それぞれ「そのときに必要だったから」入れた。気づいたら5社から請求書が来ている。連携もされていないから、月末になると各担当者がExcelに手で打ち直して集計している。

月次の数字が出るのは翌月の中旬。当然、打ち手はいつも後手に回る。

これ、決して珍しい話じゃないんです。今日は、ある一日の支援現場を通じて、「勤怠と売上を連携したら何が変わったのか」を具体的にお見せしたいと思います。

📋 この記事でわかること

  1. バラバラのシステムが引き起こす「見えないコスト」の正体
  2. 勤怠・売上・POSを連携すると何が・いつから・どう変わるのか
  3. システム棚卸しの具体的な進め方と注意点
  4. 導入後にスタッフや店長に起きた実際の変化

こんな方におすすめ

  • ✅ POS・勤怠・予約・販促ツールが別々の会社で月額総額を把握していない方
  • ✅ 月次の売上データが出るのが遅く、経営判断が後手に回っていると感じている方
  • ✅ 過去にITツールを入れたが現場に定着せず解約した経験がある方
  • ✅ 3〜30店舗規模で多店舗展開中、または展開を検討している飲食店経営者の方
  • ✅ 人件費と原価が上がっているのに、利益がどこで消えているかわからない方

朝8時:「システム棚卸し」から始まる一日

今日は静岡市内から車で1時間ほどの、郊外ロードサイドに4店舗を展開する焼肉チェーンのオーナーKさん(40代)のところへ訪問しています。事業承継で先代から引き継いで3年、「売上は横ばいなのに手元に残らない」という典型的な悩みを抱えています。

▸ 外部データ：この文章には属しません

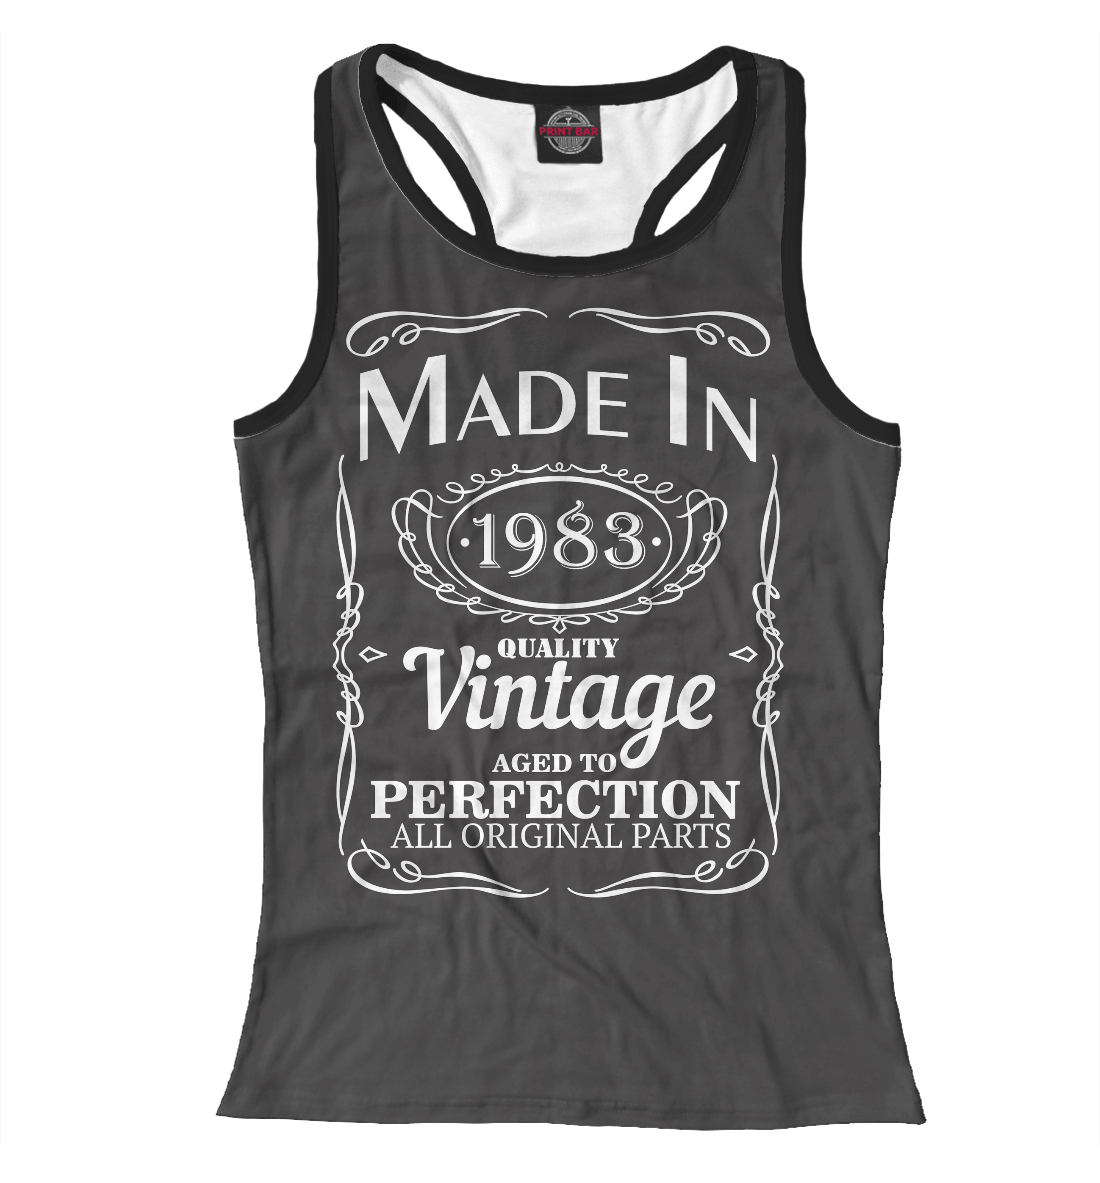 Купить Сделано в 1983, Printbar, Майки борцовки, DVT-356236-mayb-1

まず僕がやることは、ヒアリングでもなく、提案書の説明でもありません。現状のシステム一覧を紙に書き出すことです。

ホワイトボードにKさんと一緒に書き出すと、こうなりました。

  • POSレジ:A社(月額 ○万円×4店舗)
  • 勤怠管理:B社(月額 ○万円)
  • テーブルオーダー用タブレット:C社(月額 ○万円×4店舗)※ほとんど使われていない
  • グルメサイト掲載:D社・E社(月額 計 ○万円)
  • LINE公式アカウント配信ツール:F社(月額 ○万円)
  • 予約管理:G社(月額 ○万円)

「全部合わせると、月に約38万円ですね」と伝えると、Kさんは「そんなに払ってたんですか」と絶句しました。年間で換算すると約456万円。しかもこれらはほぼ連携されておらず、データの突合は本部のパート社員が毎月手作業でやっていたんです。

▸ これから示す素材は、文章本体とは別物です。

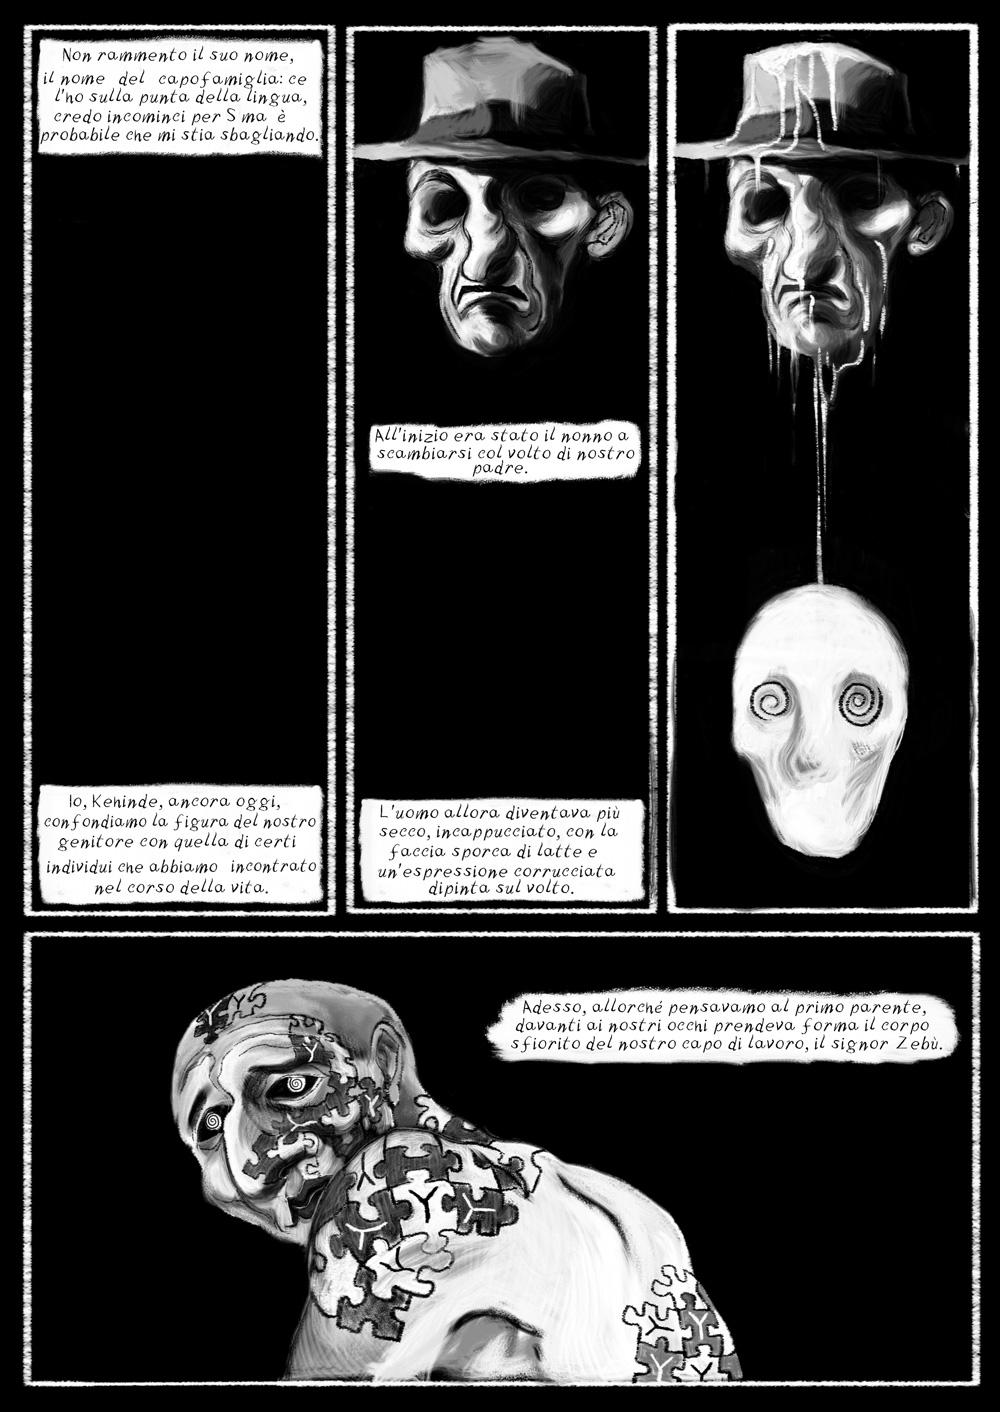 Uno In Diviso - Pagina 034
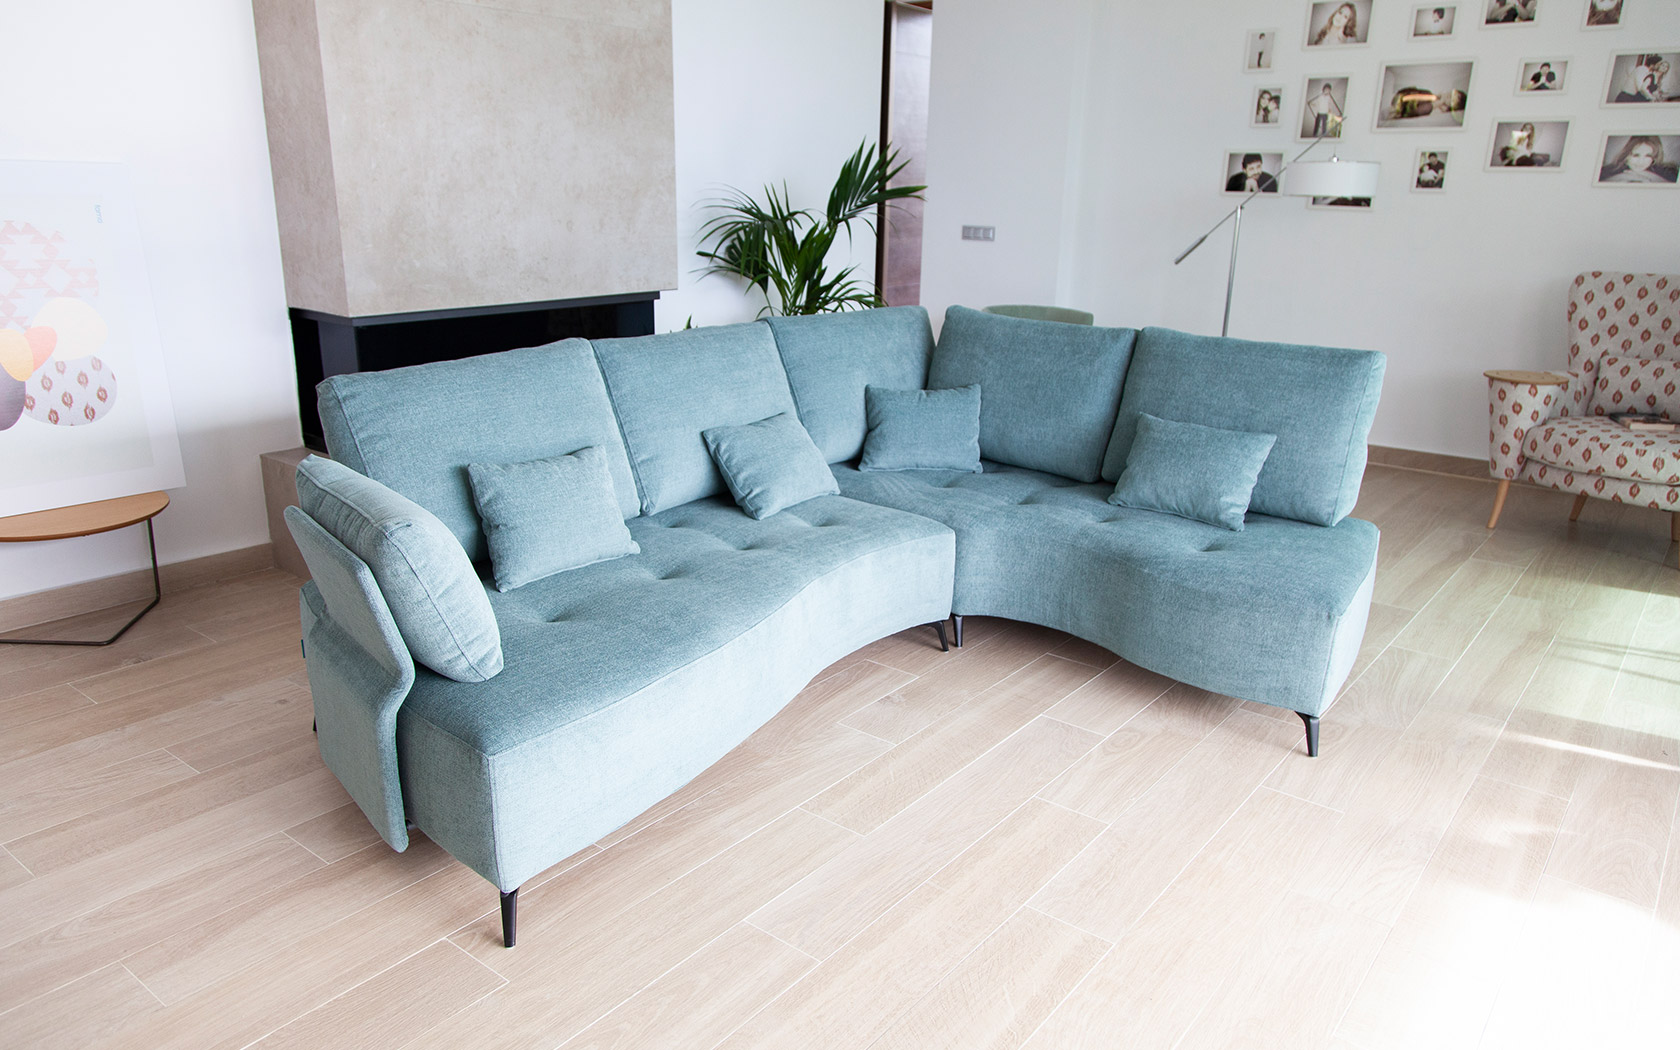 kalahari sofa 2021 12

「システムを足し算で増やすのは簡単です。でも足し算で増やし続けると、管理コストが見えないところで膨らみ続ける。棚卸しが先で、統合が後。この順番を守らないと、また別のシステムを入れるだけになります」

ハワードジョイマン(中小企業診断士・飲食店経営コンサルタント)

午前10時:「なぜ連携できていないのか」を紐解く

棚卸しが終わったら、次は「なぜこの状態になったのか」を整理します。Kさんの場合、原因はシンプルでした。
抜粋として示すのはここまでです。